Averaging preferences

Use:

dms_merge avgprefs.txt average prefs1.txt prefs2.txt

The created file avgprefs.txt will have the Preferences file format.

Adding and subtracting preferences

The command:

dms_merge summedprefs.txt sum prefs1.txt prefs2.txt --minus prefs3.txt

would create an output file summedprefs.txt in the Preferences file format.

The command:

dms_merge summedprefs.txt sum prefs1.txt prefs2.txt

is invalid since it does not create preferences that sum to one at each site (instead they sum to two).

The command:

dms_merge diffs.txt sum prefs1.txt prefs2.txt --minus prefs3.txt prefs4.txt

would create a file diffs.txt in the Differential preferences file format since the total for each site sums to zero.

Adding counts

The command:

dms_merge summedcounts.txt sum counts1.txt counts2.txt --chartype codon

sums counts from the two provided counts files and writes them to the file summedcounts.txt in the Deep mutational scanning counts file format.
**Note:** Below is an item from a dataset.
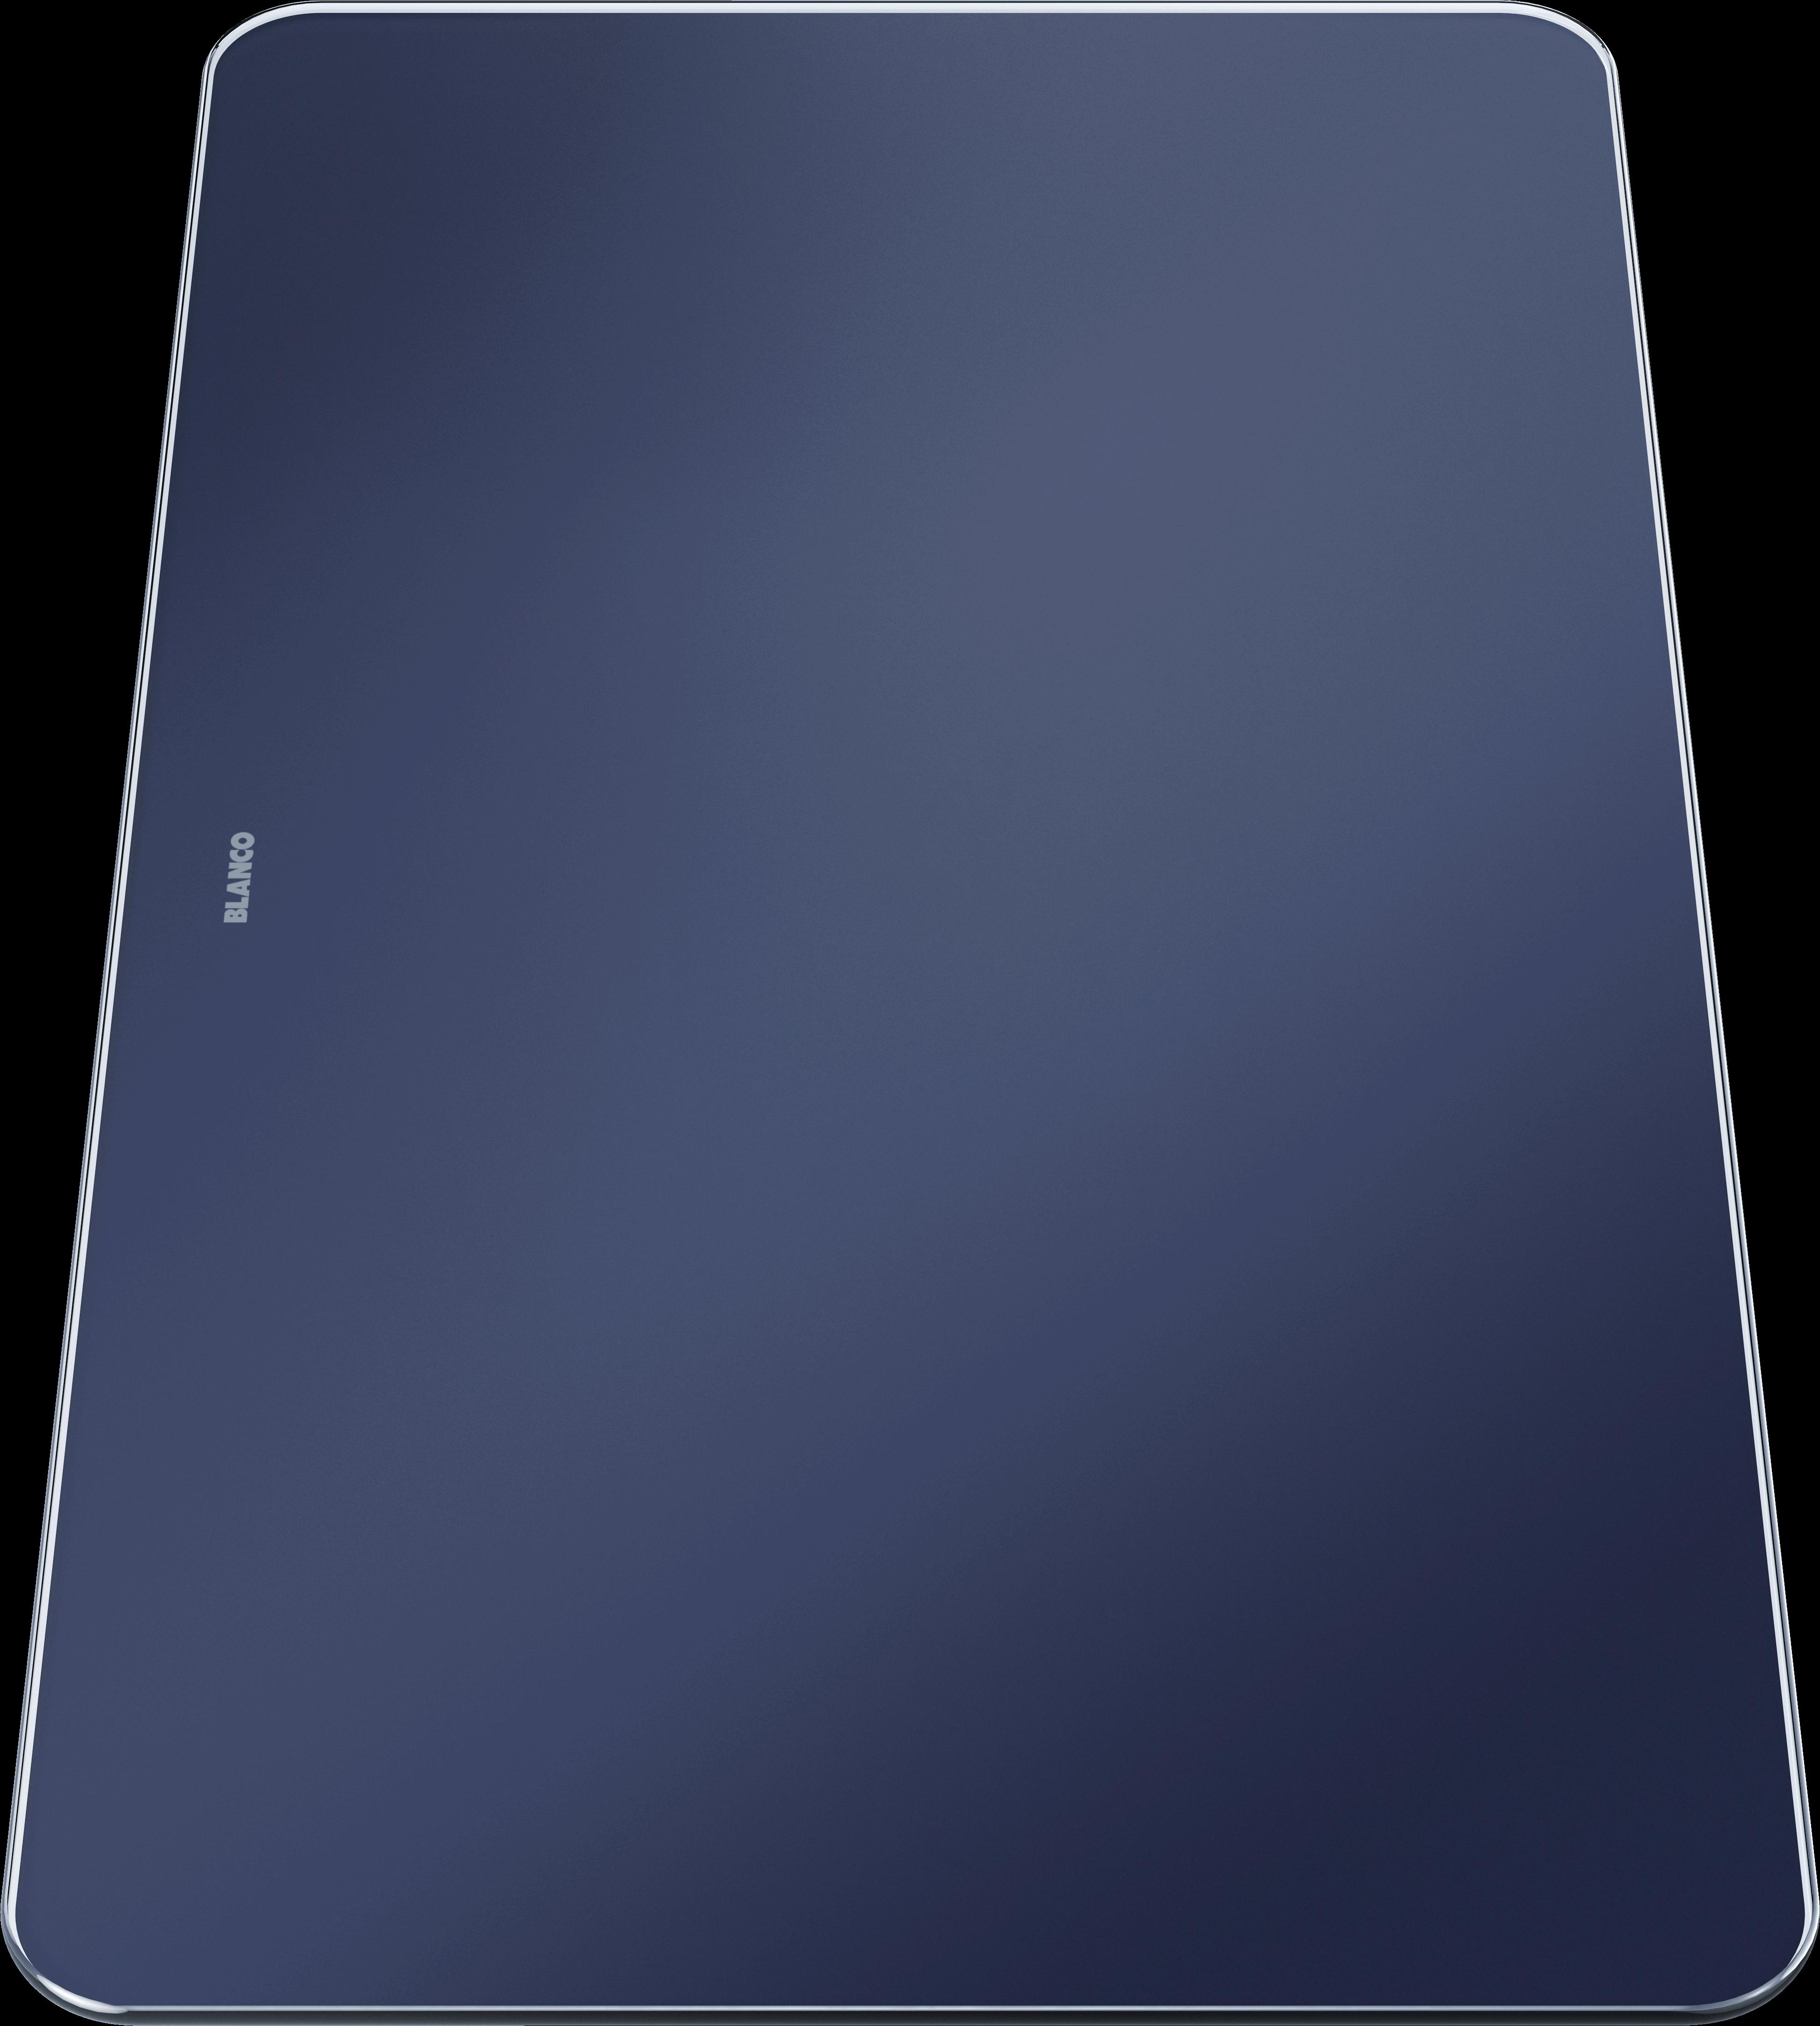 Glass cutting board in velvety matt night blue

Adding counts with normalization

The command:

dms_merge summedcounts.txt sum counts1.txt counts2.txt --chartype codon --normalize

normalizes counts at each site to the minimum number of total counts observed at that site in counts1.txt and counts2.txt. The normalized counts are then summed and written to the file summedcounts.txt in the Deep mutational scanning counts file format.